Thomas Smith: Thank you for having me, man. I appreciate it.
Peter Biello: So oil prices topped 100 bucks a barrel earlier this week. Some forecasters warn of $4 a gallon gas if prices stay elevated. When gas becomes more expensive, how might that impact the cost of other things Georgians rely on?
Thomas Smith: So I just did an analysis last night just to see how everything works. And so I mapped out the cost of West Texas Intermediate Crude. So, and I looked at the year-over-year changes of that and mapped it to the year-over-year changes in the CPI, which is consumer price index, and the year-over-year changes in the PPI, the producer price index. And there's a little bit of a lag. And so when you have oil price shocks — so the price of oil goes up and you see some inflationary trends — you tend to see a jump in the producer price index the following month, which then actually corresponds to the consumer price index for that month and the next month. So you see this cascading effect where oil price shocks today cause producer price increases in 28 days, which then lead to almost immediate increases in consumer prices and then some inflation going forward. So anything that's made with energy, which is just about everything, will cascade into higher consumer prices down the road.

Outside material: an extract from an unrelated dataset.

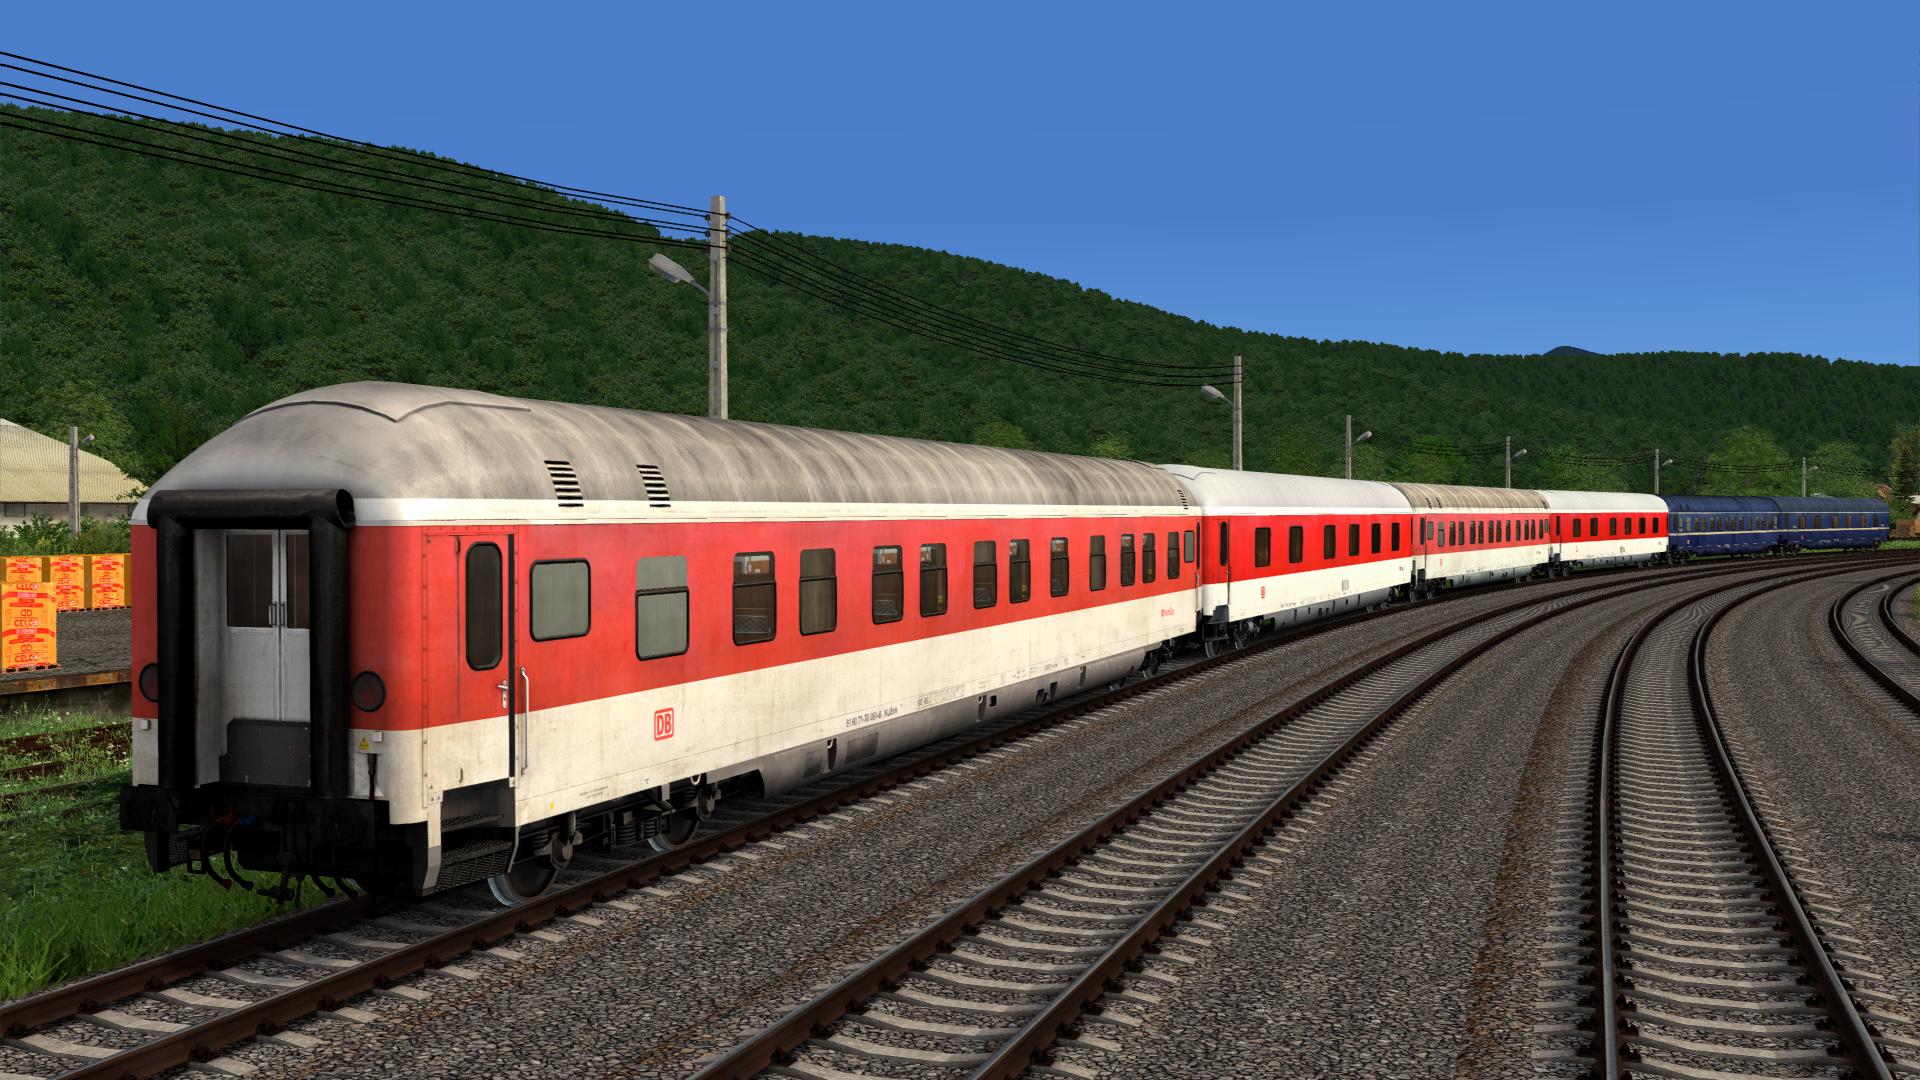 RailWorks64 2021-03-21 15-32-22

Peter Biello: And is all that contingent upon prices, oil prices, staying where they are? Or, if it drops like later this week, back to where it was a few weeks ago, will prices stable out faster than what you just described?
Thomas Smith: If oil prices go down, that doesn't change the fact that producer prices went up. So we still might see an increase in the cost of doing business, which might translate into the cost of goods and services for consumers. So even if oil prices were to go back down today, it doesn't mean that you're going to see a decrease in even the price at the gas pump today. You might see that decrease in price of the gas pump two weeks from now, right? So, I mean, there's this cascading effect, but you see the price increases almost immediately. You don't see the price decreases immediately.

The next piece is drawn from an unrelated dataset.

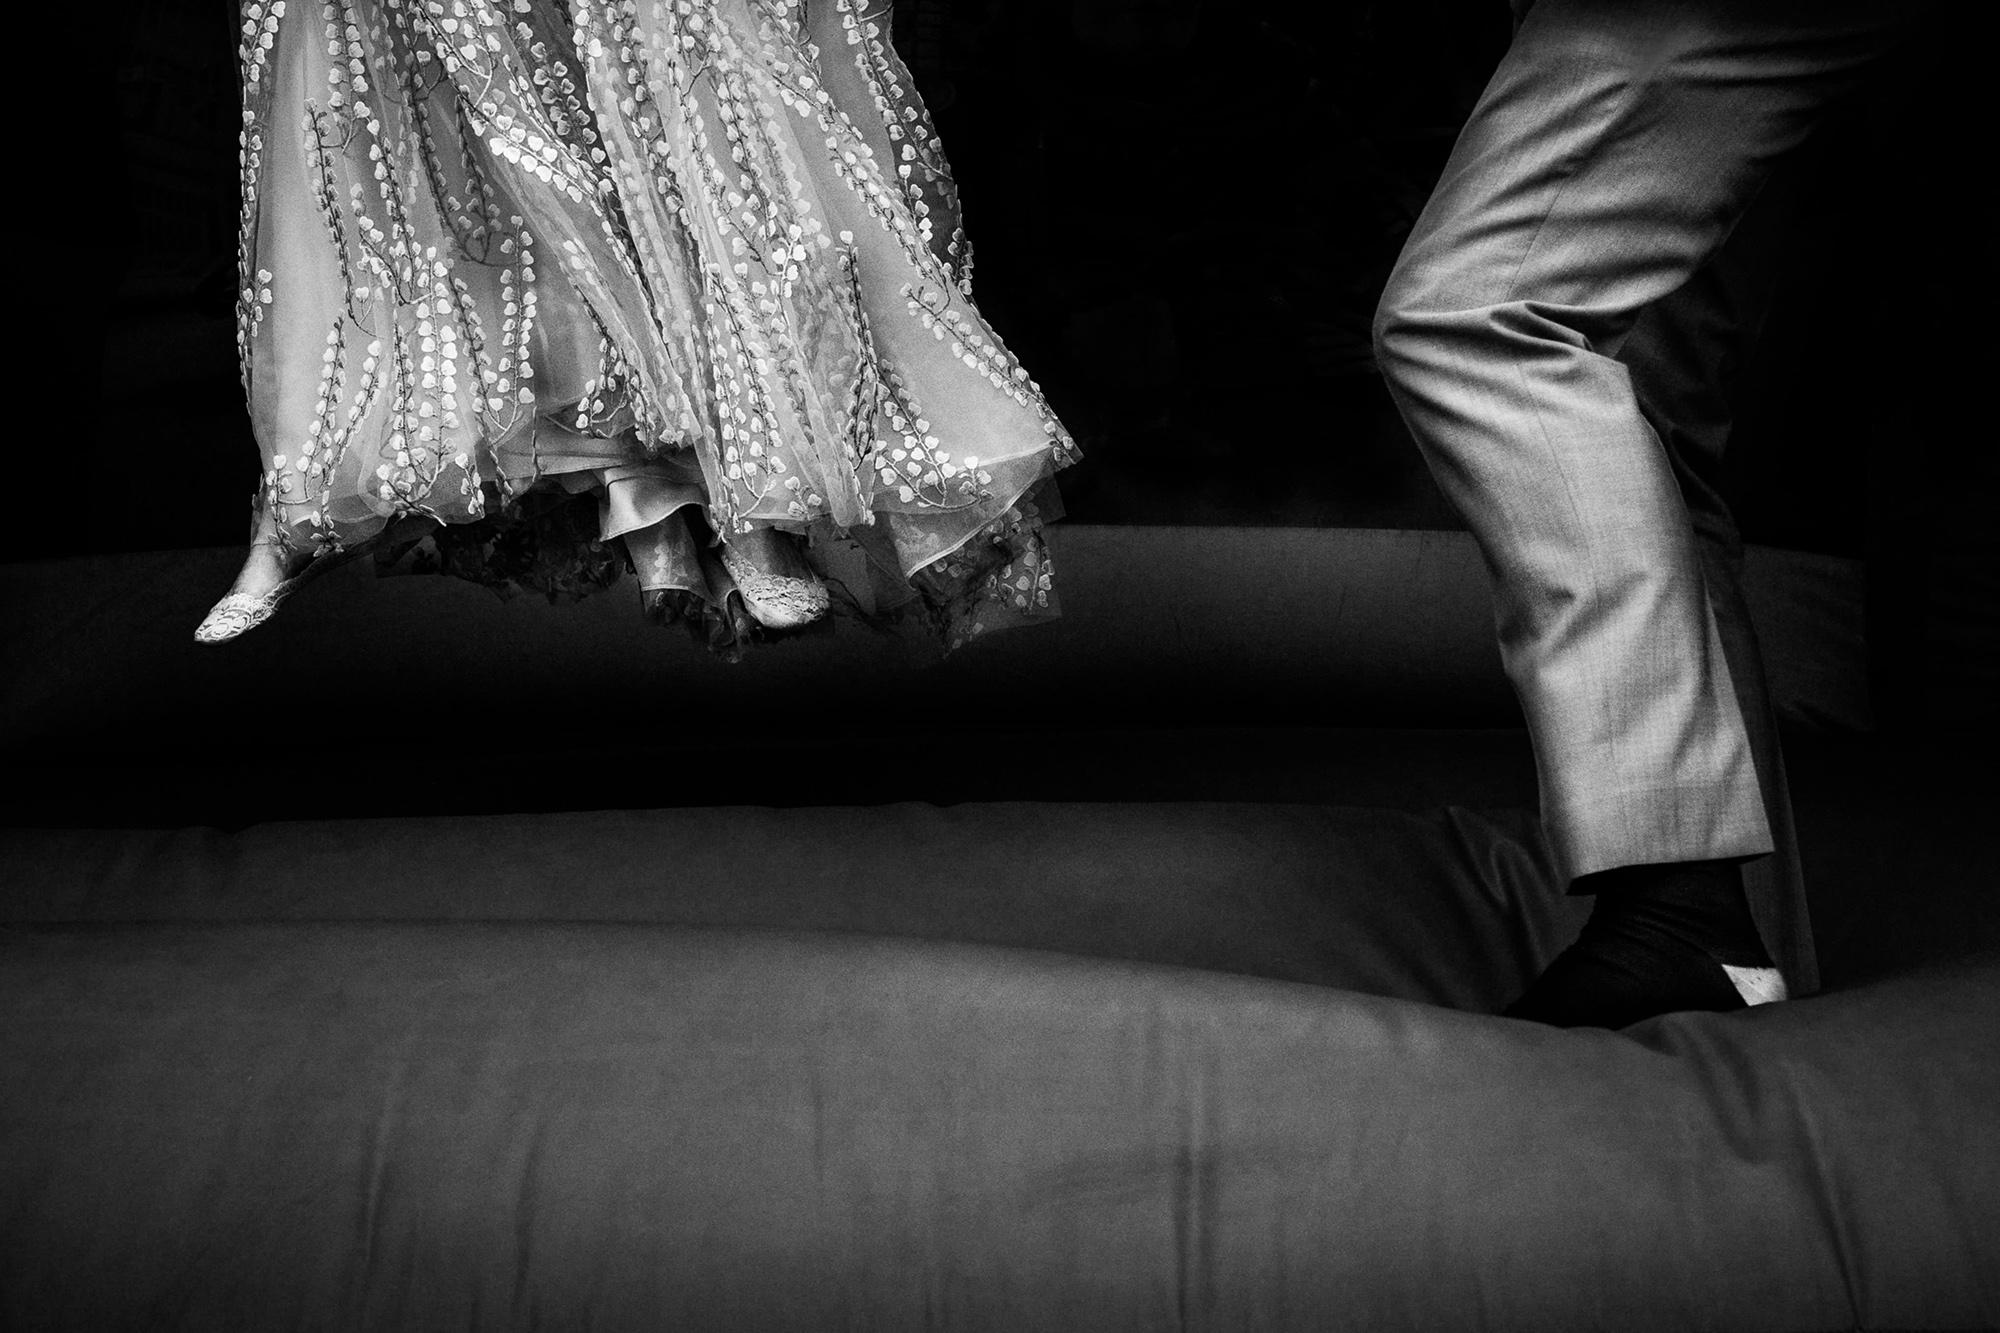 A bride and groom's feet on a bouncy castle

Peter Biello: Are there sectors of the Georgia economy that would be particularly hard hit? Maybe farming or travel or something else?
Thomas Smith: Both those areas are very susceptible to price changes. For farming, you've got fuel for your tractors, other types of implements. Also, fertilizer costs are actually increasing quite substantially as a result of this current conflict. So farmers are going to see a double whammy in terms of price increases, both for fuel diesel and for fertilizer. Additionally, as you just mentioned, Atlanta is the home of Delta. So I mean, jet fuel, right, is very expensive. And when you have these increases, the expense just increases astronomically. So you're going to see an increase in the price of tickets and so that travel — it corresponds to spring break around here for many colleges, but it's going to translate into other business travel almost immediately. So those areas are very susceptible. People will see, if this thing persists — if this conflict persists — people will see an increase in the cost for things that they're doing on a daily basis. So you're ordering food delivery through any number of apps. The travel cost or the transportation cost might go from $1.99 to $2.99. You might not think that that's a big deal, but that's like a 50% increase in the cost of those surcharges. That's a lot if you consider maybe how often you might order in.
Peter Biello: Thomas Smith is an economist at the Goizueta Business School at Emory University. Thank you so much for speaking with me.
Thomas Smith: Thank you so much for your program. I really appreciate it.